On November 12, 2007, five Petitioners from parts of the poorest region in the United States asked the Nuclear Regulatory Commission (NRC) to participate in decisions relative to uranium mining and its harmful effects in northwestern Nebraska and the Lakota (Sioux) Pine Ridge Indian Reservation in Southwest South Dakota. According to NRC sources, this is the first request to intervene in an NRC proceeding relating to the expansion of an existing uranium mining operation in approximately 17 years. The petitioners are Thomas Cook, Slim Buttes Agricultural Development Corp., Western Nebraska Resources Council, Debra White Plume, and an Oglala Lakota nonprofit organization called Owe Aku.

Rock the Earth and the CWA are supporting the Petitioners' right to intervene in the mine permit process.

The petition challenges CBR's request to pump an additional 2.4 billion gallons of groundwater a year to expand its operations.
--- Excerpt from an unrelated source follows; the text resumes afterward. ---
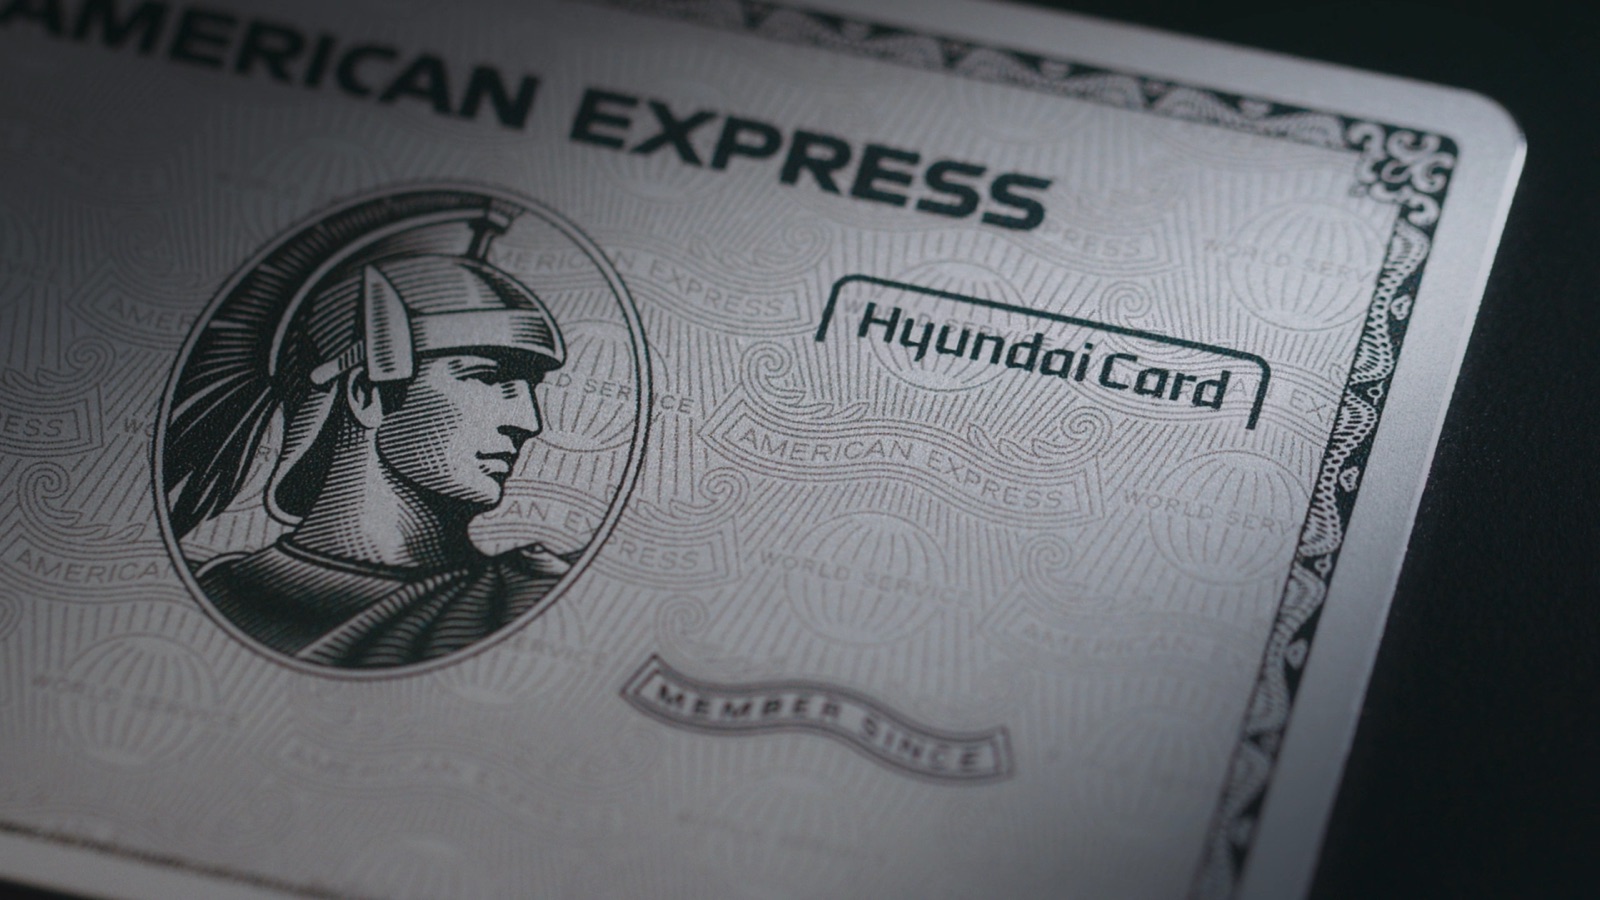 American Express® Cards by Hyundai Card

CBR's application is made while drought conditions are depleting the aquifers at 160% of the rate that the aquifer is being naturally recharged.
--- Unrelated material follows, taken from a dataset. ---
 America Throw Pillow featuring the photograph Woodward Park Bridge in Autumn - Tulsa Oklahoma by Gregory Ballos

In addition to the use of additional valuable water resources, CBR has admitted to:
1. A spill of approximately 300,000 gallons of radioactive liquid waste at its mine in Crawford, Nebraska.
2. Failure to clean up one-third of the spills equaling approximately 100,000 gallons of radioactive liquid waste.
3. Admission that a broken coupling led to a one gallon per minute leak for several years into the Brule aquifer.

As one member of the Western Nebraska Resources Counsel stated, "In our book, you clean up your first mess before you are allowed the opportunity to create a new mess."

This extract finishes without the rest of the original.